“It was a recipe for disaster… The fact that they started to
conspire to commit illegal actions on the station platform was our concern. I asked myself: If my wife, mother or daughter was on that platform, would I want them to be in that situation?”-BART Deputy Police Chief Benson Fairow, as quoted in The San Francisco Chronicle, August 13, 2011.
As I discussed last month, I have little sympathy for protestors who disrupt mass transit during rush hour. I support the right of individuals to express their views in front of City Hall or other venues where they do not interfere with the rights of other citizens. Climbing on top of subway trains during the evening commute, and forcing the shutdown of the country’s fifth-busiest rapid transit system is not an appropriate way to make one’s point.
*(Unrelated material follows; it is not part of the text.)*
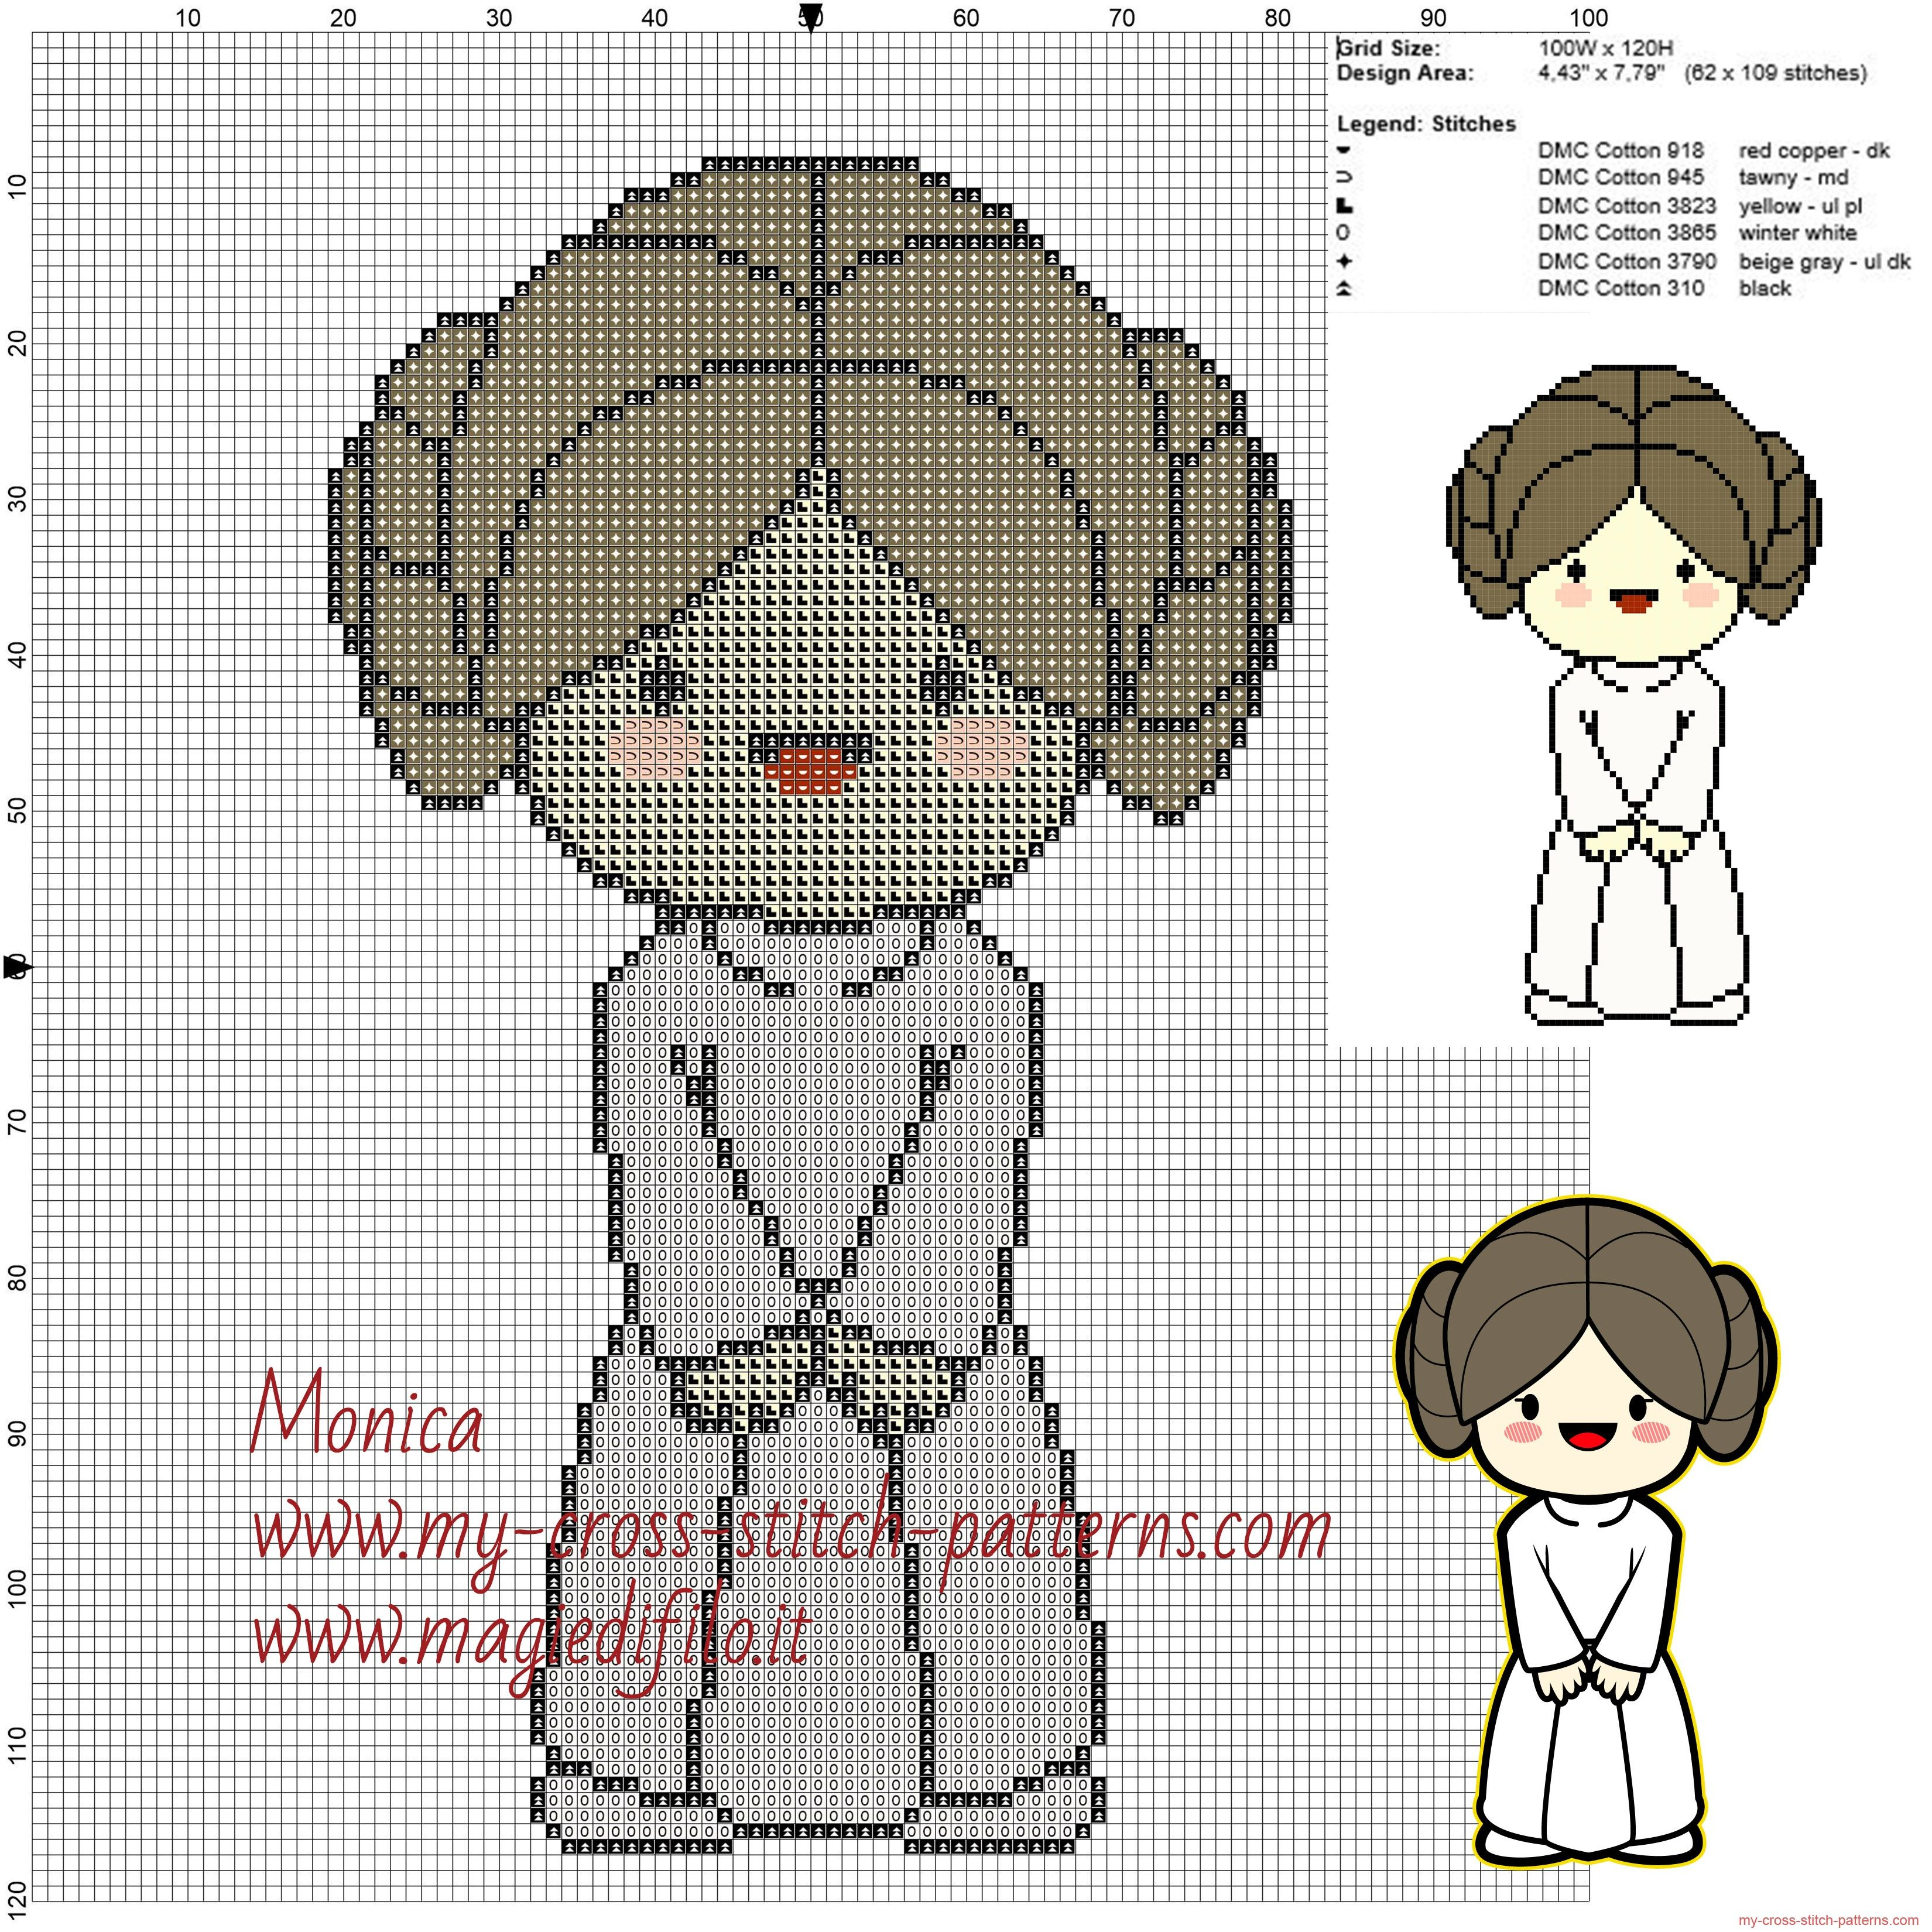 Princess Leia (Star Wars) cross stitch pattern | Bebés y Niños PX ...

When BART officials learned that the “No Justice, No BART” group was planning to again disrupt operations last Thursday by “[using] mobile devices to coordinate their disruptive activities and communicate about the location and number of BART Police,” they decided to switch off the underground cell phone network BART owns and controls.
Naturally, liberals are crying foul, threatening a lawsuit, and pressuring the Federal Communications Commission to investigate.
This outrage would be perfectly understandable if BART officials had electronically jammed another service provider’s cell network. But, they did not. They did not even “ask cell phone providers to shut down towers near stations.” It turns out that “BART owns and controls the wireless network strung through its subways, and BART police ordered it switched off.”
That’s right, protestors are demanding that BART provide a service at its own expense that enables malcontents to organize protests that deny service to customers. The end result is that BART suffers financially.
Someone please explain to me how this logic makes any discernible sense?